Seoul's top diplomat Yu Myung- hwan voiced support Monday for the Shanghai World Expo, where South Korea will display the second biggest pavilion following the host China.
Yu, who will leave for Beijing later this week to meet with Chinese Premier Wen Jiabao and Foreign Minister Yang Jiechi for talks, said visiting the venue of the event is a big part of his 7th visit to the country since taking office two years ago.
"The most important goal for the visit is to strengthen the strategic cooperative partnership between the two countries and express our support for the Shanghai World Expo," Seoul's foreign minister Yu said in an exclusive interview with Xinhua.
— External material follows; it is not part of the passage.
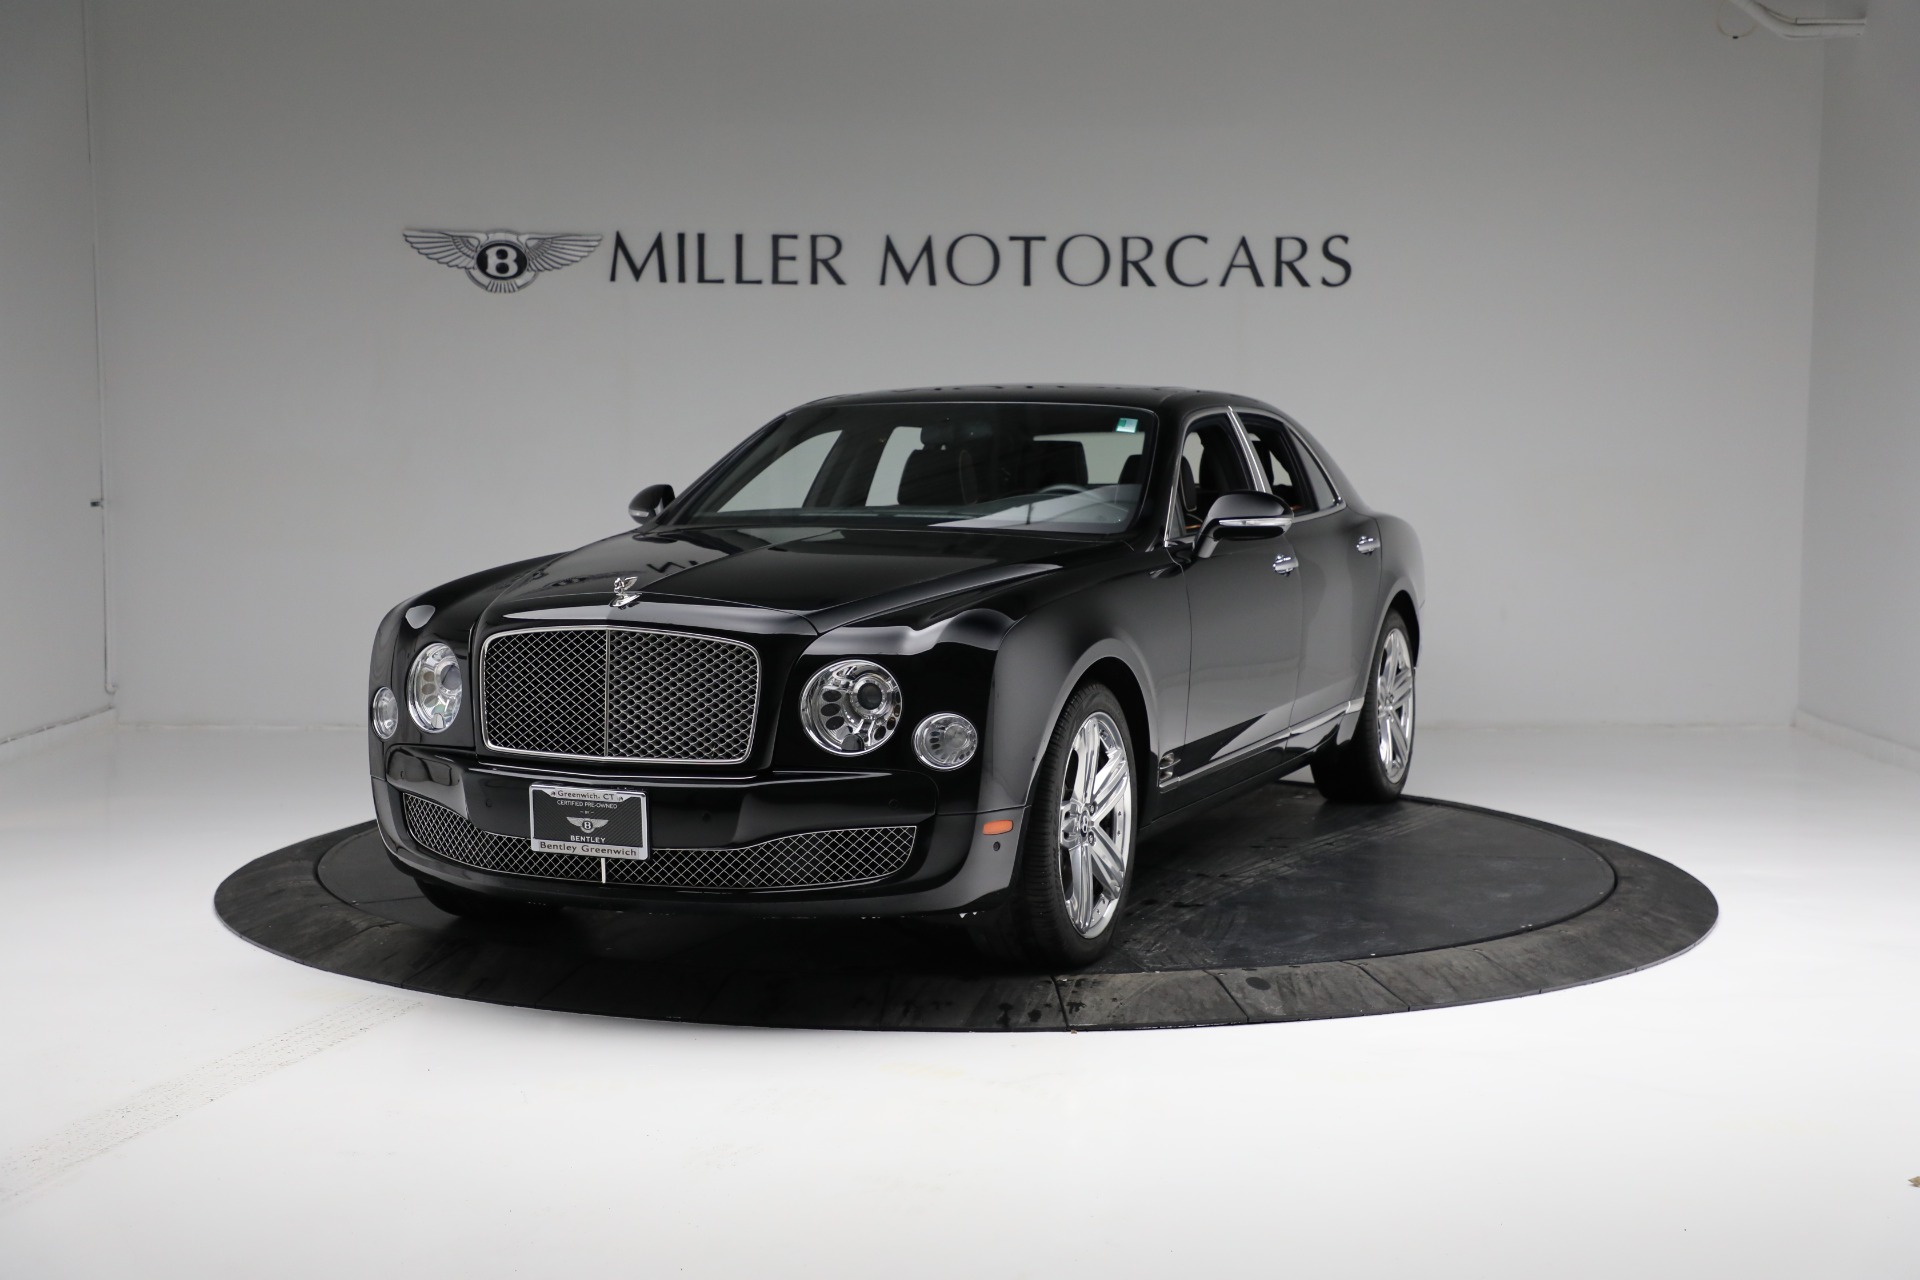 Used 2013 Bentley Mulsanne for sale Sold at Bugatti of Greenwich in Greenwich CT 06830 1
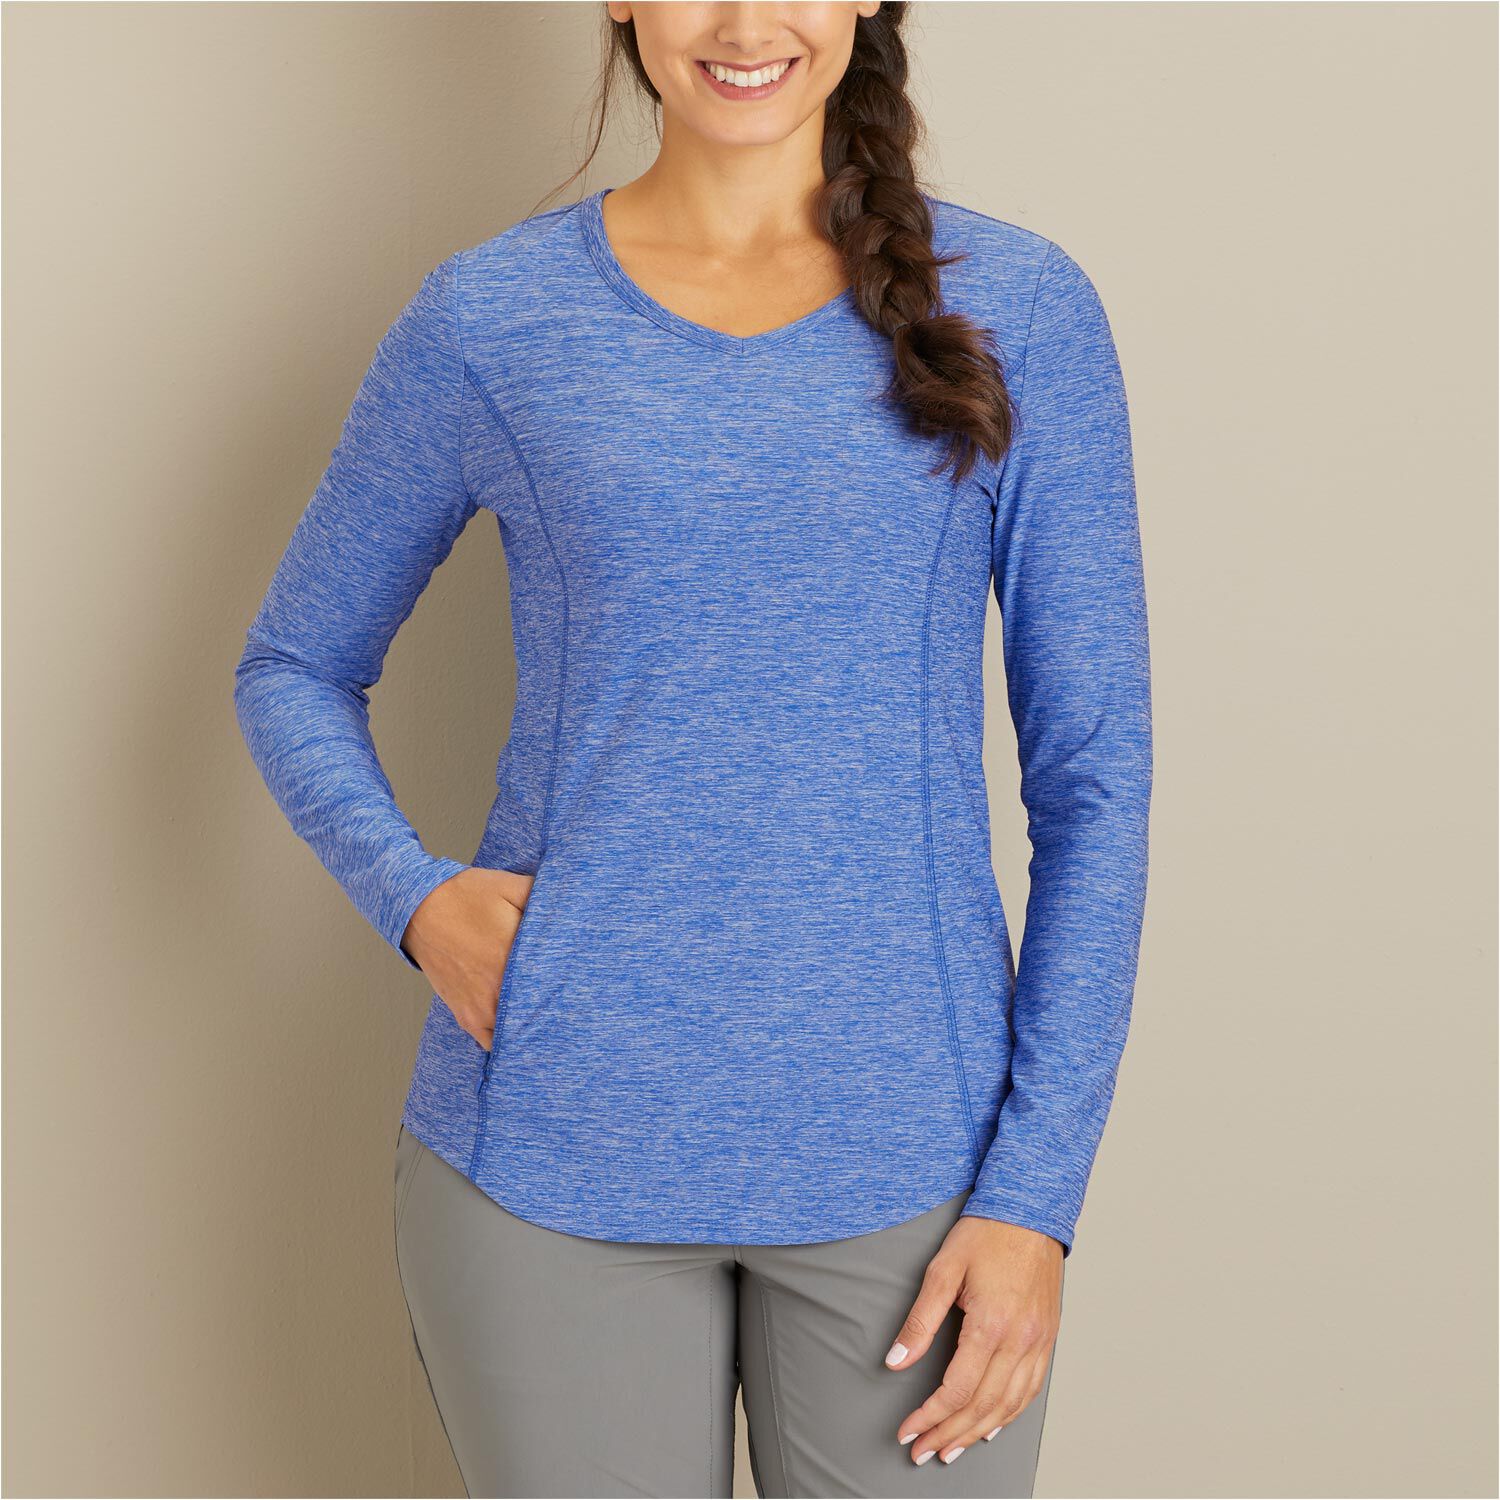 Women's Armachillo Cooling Long Sleeve T-Shirt | Duluth Trading

"The Shanghai Expo is, in one word, like "economic Olympics." Beijing's successful holding of the Beijing Olympics had a significant meaning of showing the world how developed China was. Hosting the Expo only two years after the Olympics is meaningful in that it links the Chinese economy to the world," Yu said.
He said the Expo, slated to take place from May 1 to October 31 this year, will add to already robust bilateral exchanges, with the expected number of up to one million South Korean tourists to Shanghai during the event helped by the designation of so-called "Visit China Year 2010" launched in Seoul this year.
The private sector, along with the government, is also showing interest in the Expo, with twelve South Korean business giants set to participate in the event, the minister said. South Korea, poised to host a similar event in 2012 in the southern city of Yeosu, hopes to share China's experiences in holding the Expo, he added.
South Korean President Lee Myung-bak is considering to attend the opening ceremony of the event at the invitation of China. Both countries have been one of the most important sources of inbound tourists for each other, with a total of 5.13 million exchanges of visits in 2008 and 4.54 million last year.
Yu said Seoul has made efforts to make systematic changes to ease visa restrictions for Chinese nationals, such as applying a no-visa policy to Chinese tourists to South Korea's southern resort island of Jeju and allowing no-visa entries for Chinese students on school field trips.
The two sides are currently floating the idea of easing visa restrictions for South Korean tourists visiting the Expo, Yu said.
"We will continue such efforts to allow the people of the two countries to be able to visit each other more freely," the minister added.